Thursday, May 3, 2012

Tired

Not pregnancy tired, or sleepy tired (even though I haven't got that much sleep the past few nights), but tired of living in two different places.  Tired of spending Monday thru Friday looking forward to the weekend so I can see my sweetie.  Not that everyone else doesn't look forward to the weekends; everyone enjoys the two days off.  But I'm tired of feeling slightly anxious/on edge, feeling like I'm just killing time.  I feel restless & edgy.  It sucks.  I'm not normally an anxious person (and it sucks!).  I spend the week looking forward to the weekend, and half the weekend dreading the upcoming week.  We were not meant to live like this.  Sometimes I think it would be easier if we didn't see each other on the weekends.  I think I could get used to being gone, but it's unsettling to go back & forth, never really feeling like you belong anywhere.

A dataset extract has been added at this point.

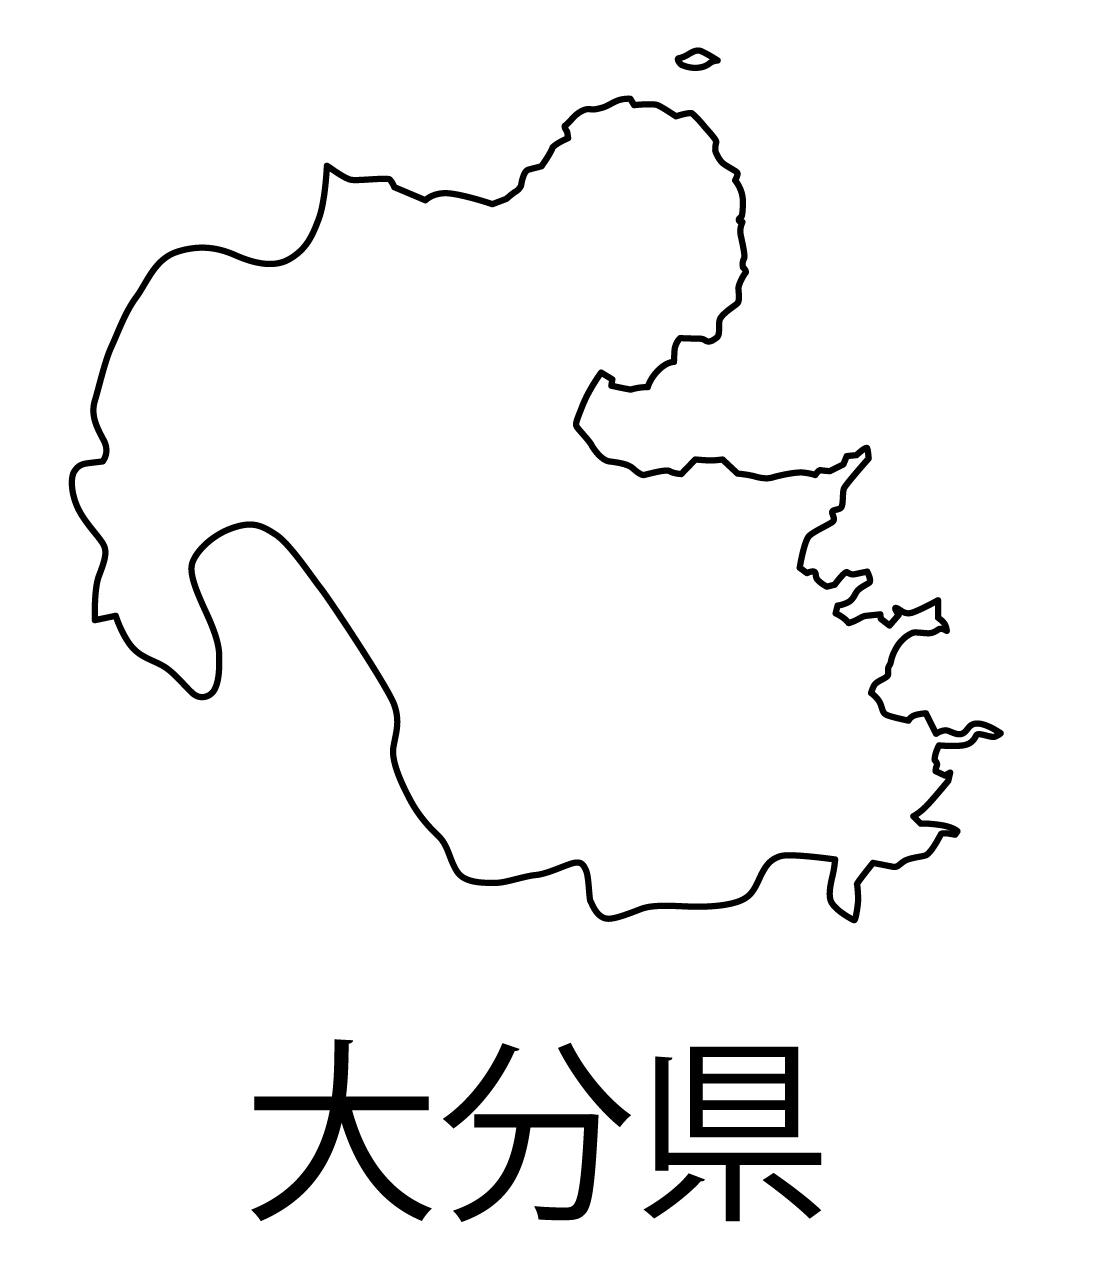 大分県無料フリーイラスト|日本語・都道府県名あり(白)

I live in someone else's house mon-fri, and I'm basically visiting someone else on the weekends.  It's disconcerting.  Blah.  I think I'll just chalk it up to pregnancy hormones & call it good.  No use wasting time moping about something that's not going to change.  Time to find some way to look at the bright side of things.  Not sure what that is at the moment, but I'm sure there's a blessing in all of this.  And my two favorite sayings are always helpful.
"Life's a bitch and then you die", and "everything works out in the end.  If it's not ok, it's not the end, cuz everything works out it the end".

Real uplifting, and a wonderful example of circular logic, but they pretty much apply to any situation & it's my way of accepting & dealing with the daily sh*t.  My own blend of realism and optimism.